Sundays are reserved for cleaning and tidying up and when I was doing that I chanced upon a diary from 2015. A quick glance landed me on the page for 25th April 2015. The words written on it tugged at my heart strings…
“So it begins.. we are pregnant”
This was the day in 2015, when our lab technician called me to tell me about the HcG blood test report we did. I didn’t understand the values she rattled off and asked her what does it mean.. and I still remember her little laugh and her saying “Congratulations!” (oops, I’m have a lump in my throat here.)
It got me reminiscing about that beautiful year in my life. After a lot of bad years, missed chances, depression, failures & tears, and almost giving up, we had 2015. The year of our pregnancy!

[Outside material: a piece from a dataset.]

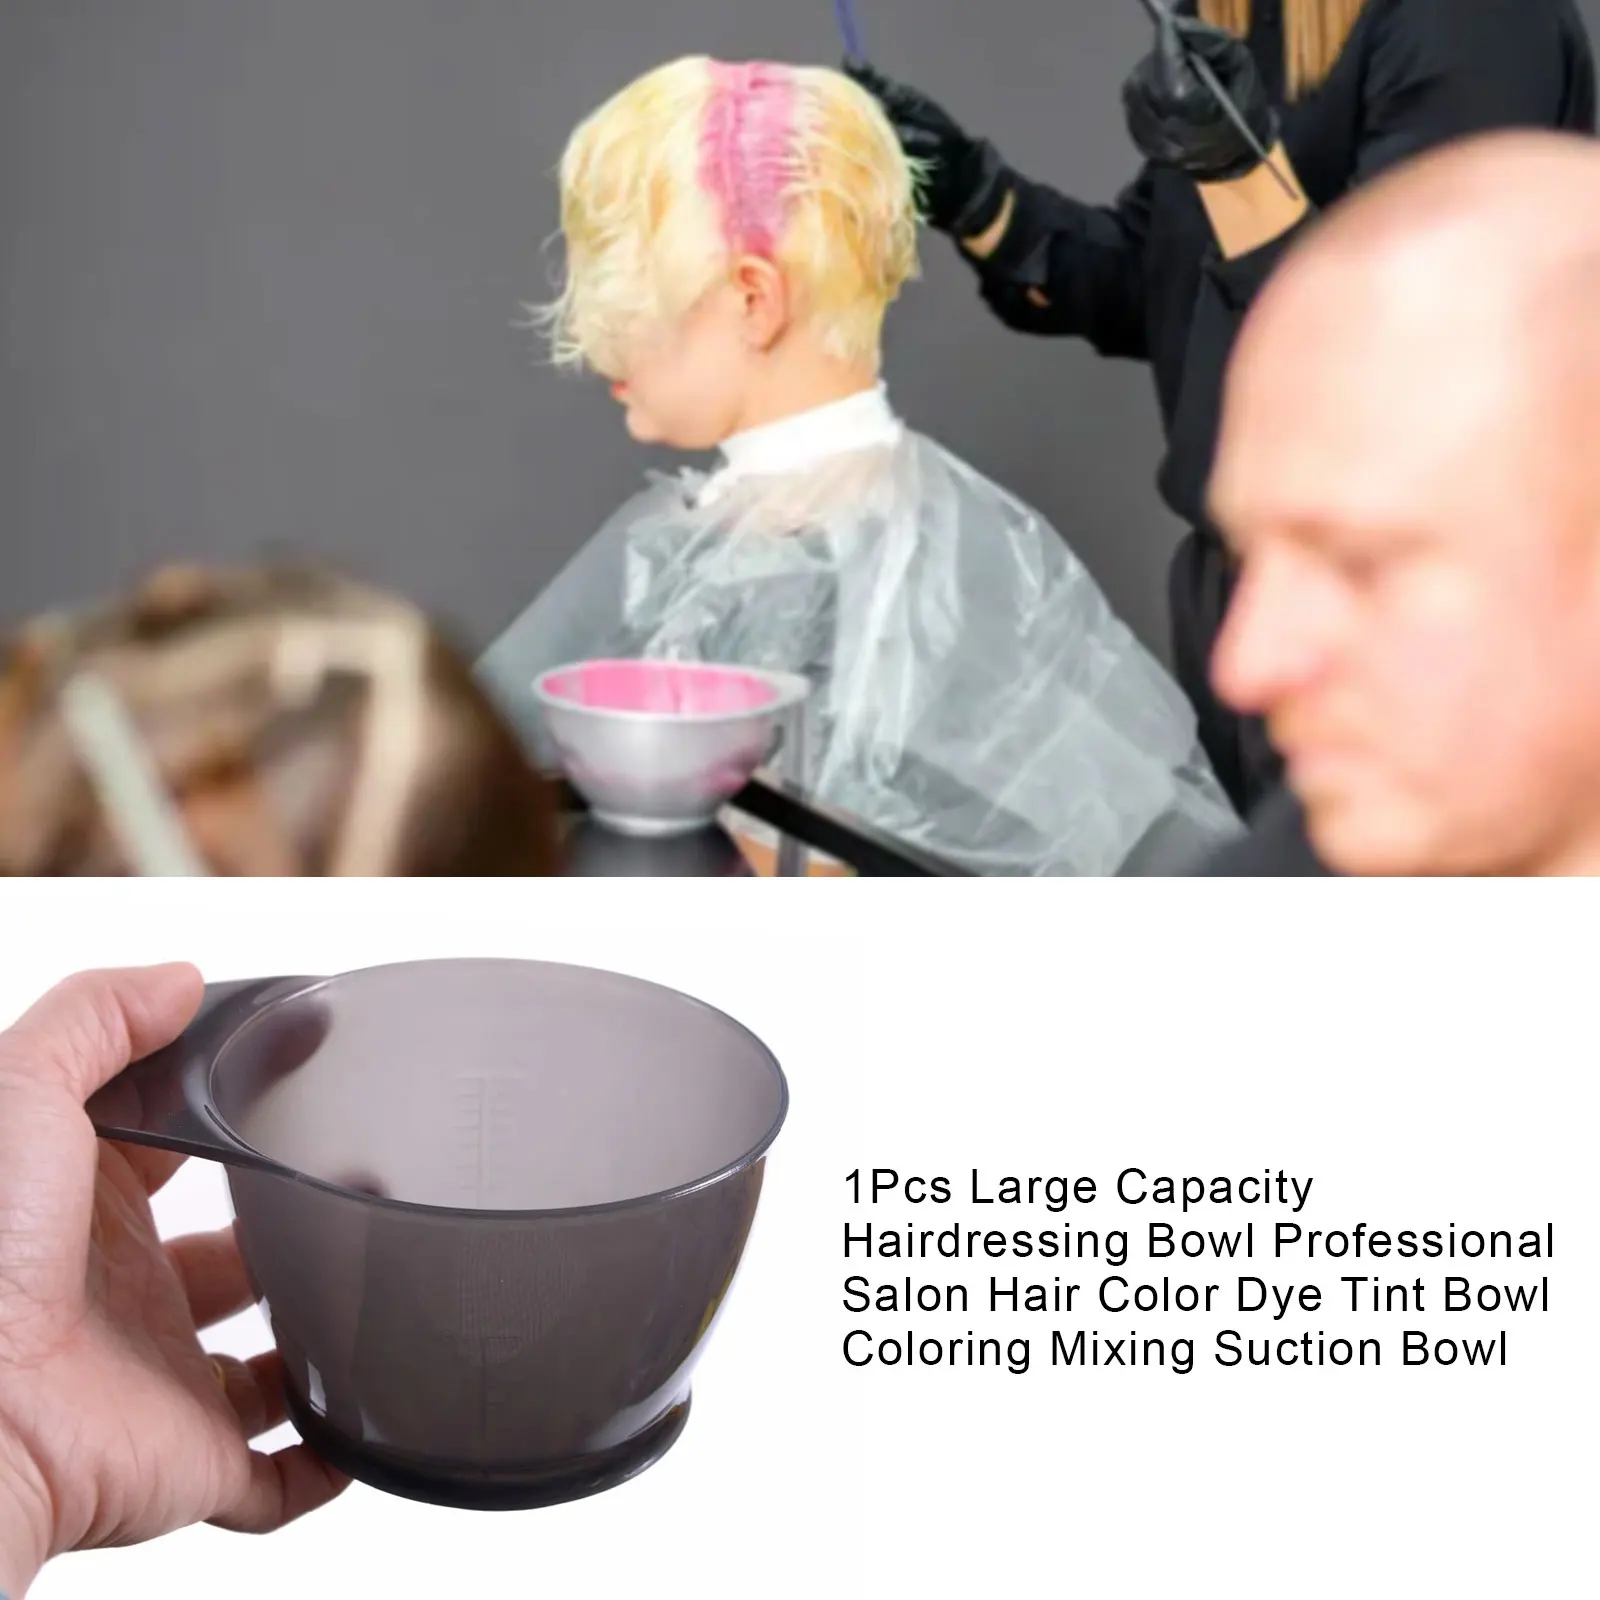 1Pcs Large Capacity Hairdressing Bowl Professional Salon Hair Coloring Dyeing Tint Bowl Hair Stying Mixing Bowl For Barber Shop

Well, I had no Pregnancy Cravings. No! Not one. I had no morning sickness, no queasiness, no nausea, no hyper-acidity and no CRAVINGS. Food cravings that is. And that my dear readers is NOT the end of this blog post. There is more to it.. It needs a special blog post. Oh yes it does. And I really wonder what happened to me then and how it changed almost overnight, when I was pregnant. 🙂
J is for just jump in.
Yes into motherhood.
Nothing prepares you for life experiences, as much as living through them does. It has been the same with everything, for me at least – university, hostel life, job hunting, relationships, the thought of getting married, being married and then having a baby. Aah, therein lies the rub. You and your significant other grow together as a couple. And you are just about settling in to the comfort of each other and the life and routine you have built for yourselves as an individual and as one unit, and then suddenly BOOM. All that goes out of the window. Foundations shake, windows rattle and the paint begins to peel off.
But you still JUMP into motherhood, like its the most natural thing to do in life.